Some analysts consider that what we are witnessing now marks the end of this era of globalization. Nobel laureate in economics and New York Times columnist Paul Krugman fears a “repeat of the economic predicament of 1914, the year that ended what some economists call the ‘first wave of globalization'” . He predicts a new wave of de-globalization.

Will the war in Ukraine drive the final nail in the coffin of globalization? (AFP)

The debate is not whether globalization will be a casualty of the ongoing conflict between Russia and the West, but rather how badly the globalized economy will be affected once the war in Ukraine ends. That said, some see globalization as evolving, but doing well; others see it as a partial decline rather than the end.

Skeptics predict an accelerating decline in globalization and global economic integration. They say the decline has been more pronounced in the United States under former President Donald Trump and his “America First” policy, while his successor, Joe Biden, preserves the emphasis on prioritizing “Made in America”.

Mr. Biden’s foreign and economic policies are aimed at helping the American taxpayer. He wrote in a tweet posted this week: “Since day one, every action I take to rebuild our economy has been guided by one principle – Made in America. That means using products, parts, and materials made here in the United States. It’s about strengthening manufacturing jobs and building supply chains right here at home.”

President Biden wants to make the United States less dependent on Chinese imports and he is working to decouple the two countries economically. But Beijing has its own “Made in China 2025” self-sufficiency initiative and is working to reduce its dependence on foreign products in all areas.

This was the trend even before the war in Ukraine. Now, with the unprecedented sanctions imposed on Russia, both in volume and scope, China is certainly more willing to accelerate its drive for self-reliance.

Two weeks after the start of the war and the imposition of sanctions, companies and foreign investors were in a rush to leave Russia. Four hundred companies are reported to have pulled out of the country, including tech giant Apple, fashion designer Chanel and furniture retailer Ikea.

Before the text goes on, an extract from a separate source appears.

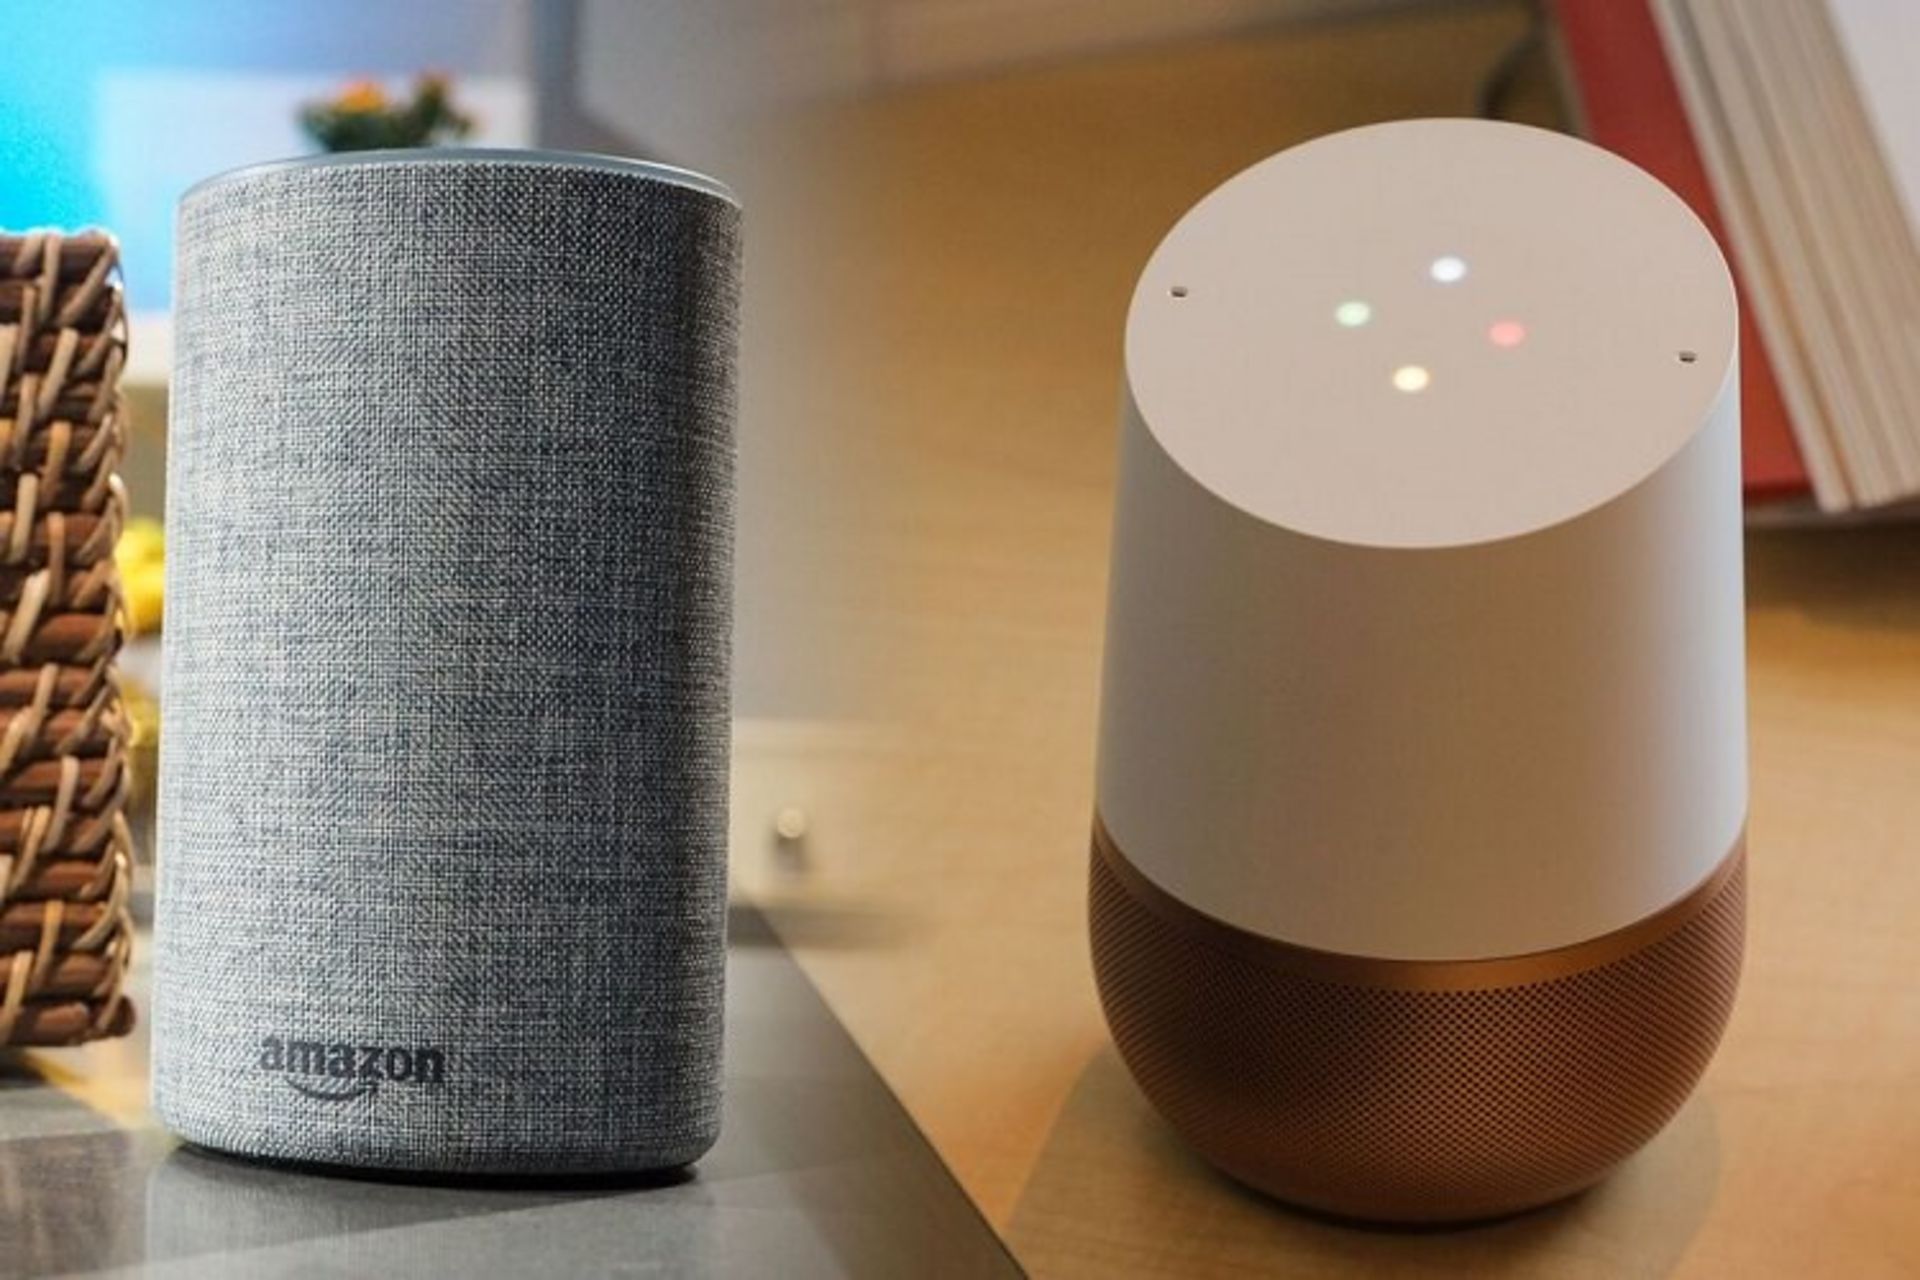 مرجع متخصصين ايران Amazon Echo, Google Home

Russia has been cut off from international financial markets and the Swift messaging service, which includes more than eleven thousand financial institutions worldwide, while its assets have been confiscated in the United States and Europe.

However, it is not the fate of Russia that worries us, since it is the eleventh largest economy in the world. All eyes were on the second largest economy – China – where the news from its financial markets was troubling. China is more integrated and essential to the global economy than Russia. Reports point to an “unprecedented large-scale flight of capital from China”, following the war in Ukraine.

“Russia’s invasion of Ukraine ended the globalization we’ve known for the past three decades,” says Larry Fink, CEO of BlackRock. (AFP)

According to the Institute of International Finance (IIF), quoted by Bloomberg, investors have withdrawn their money from China at an unprecedented rate since Russia invaded Ukraine, causing a “very unusual change in global capital flows into emerging markets”. The report notes that there were no “similar leaks in the rest of emerging markets.”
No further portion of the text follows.